Test prerequisites: - set Replica Node Level Soft Anti-Affinity disabled

  1. Disable the setting replica-soft-anti-affinity.
  2. Set replica replenishment wait interval to an appropriate value.
  3. Create a pod with Longhorn volume and wait for pod to start
  4. Write data to /data/test inside the pod and get original_checksum
  5. Disable scheduling for all nodes except for one.
  6. Find running replicas of the volume
  7. Crash 2 running replicas.
  8. Wait for the replica rebuild to start.
  9. Check if the rebuilding replica is one of the crashed replica, and this reused replica is rebuilt on the only available node.
  10. Check md5sum for the written data
def test_rebuild_with_inc_restoration(set_random_backupstore, client, core_api, volume_name, csi_pv, pvc, pod_make)

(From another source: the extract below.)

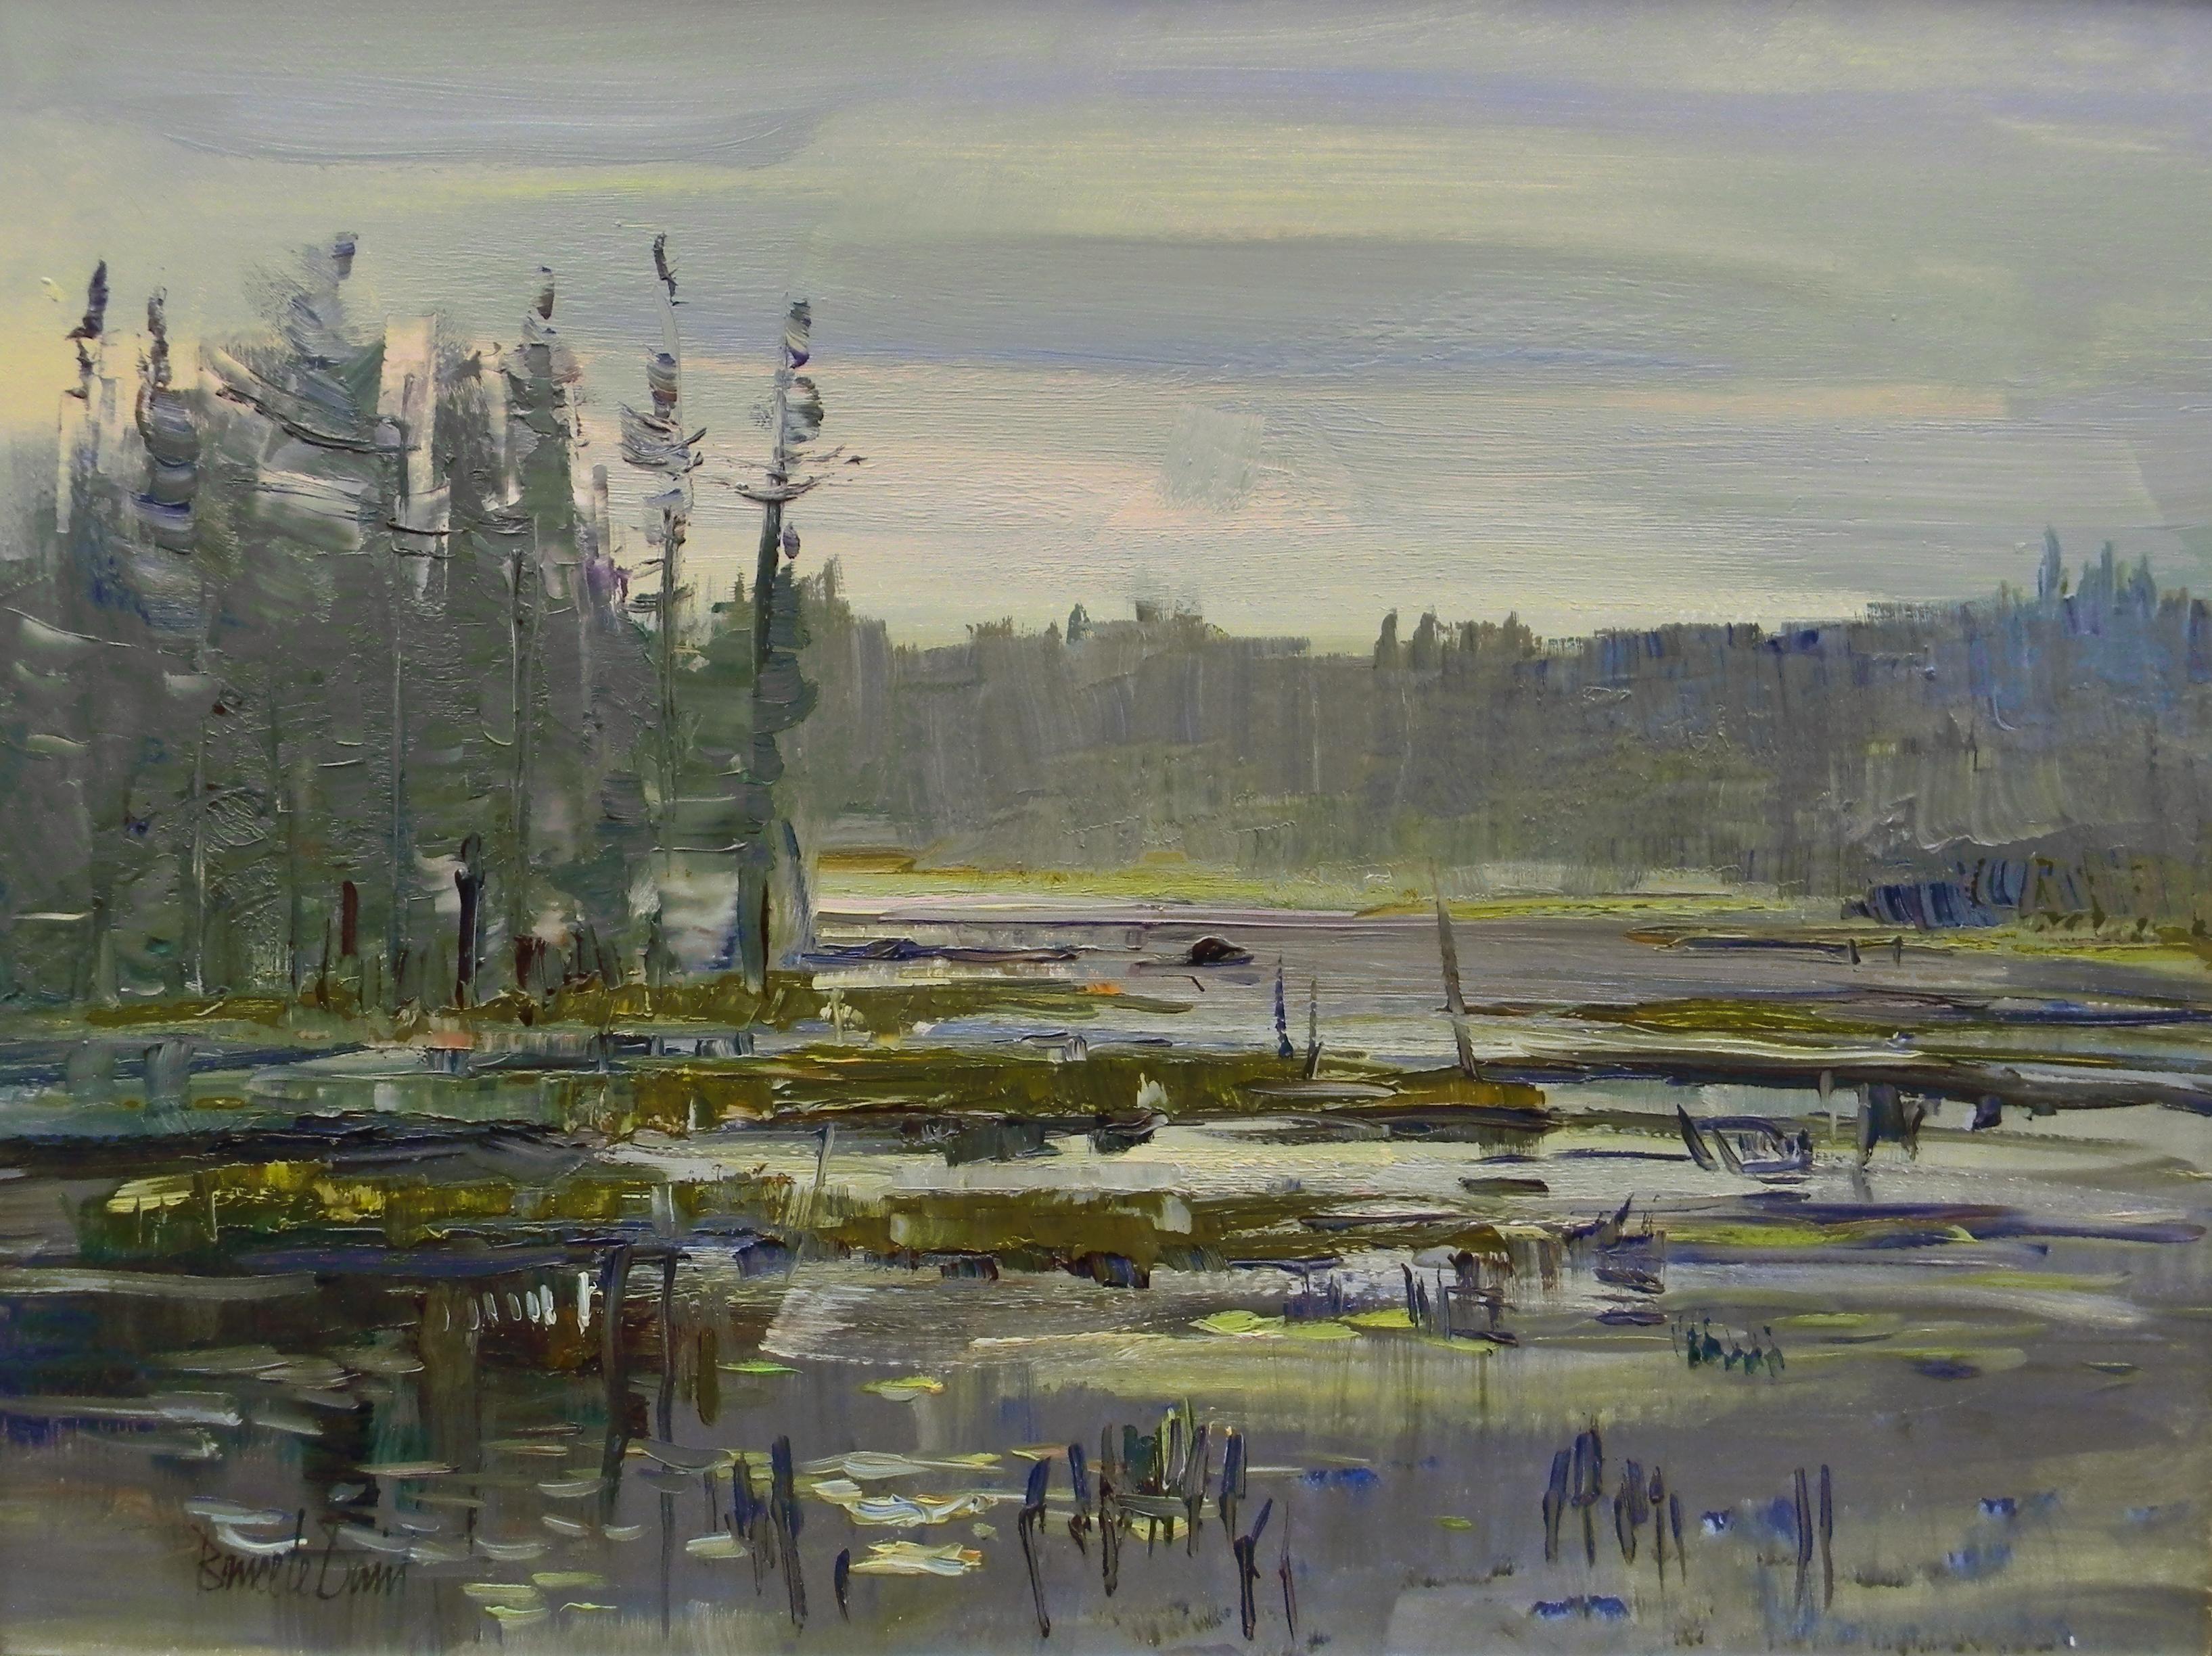 Gunning Cove, Nova Scotia

[HA] Test if the rebuild is disabled for the DR volume 1. Setup a random backupstore. 2. Create a pod with a volume and wait for pod to start. 3. Write data to /data/test1 inside the pod and get the md5sum. 4. Create the 1st backup for the volume. 5. Create a DR volume based on the backup and wait for the init restoration complete. 6. Write more data to the original volume then create the 2nd backup. 7. Delete one replica and trigger incremental restore simultaneously. 8. Wait for the inc restoration complete and the volume becoming Healthy. 9. Activate the DR volume. 10. Create PV/PVC/Pod for the activated volume and wait for the pod start. 11. Check if the restored volume is state healthy after the attachment. 12. Check md5sum of the data in the activated volume. 13. Do cleanup.

def test_rebuild_with_restoration(set_random_backupstore, client, core_api, volume_name, csi_pv, pvc, pod_make)

[HA] Test if the rebuild is disabled for the restoring volume.

This is similar to test_single_replica_restore_failure and test_single_replica_unschedulable_restore_failure. In this version, a replica is deleted. We expect a new replica to be rebuilt in its place and the restore to complete.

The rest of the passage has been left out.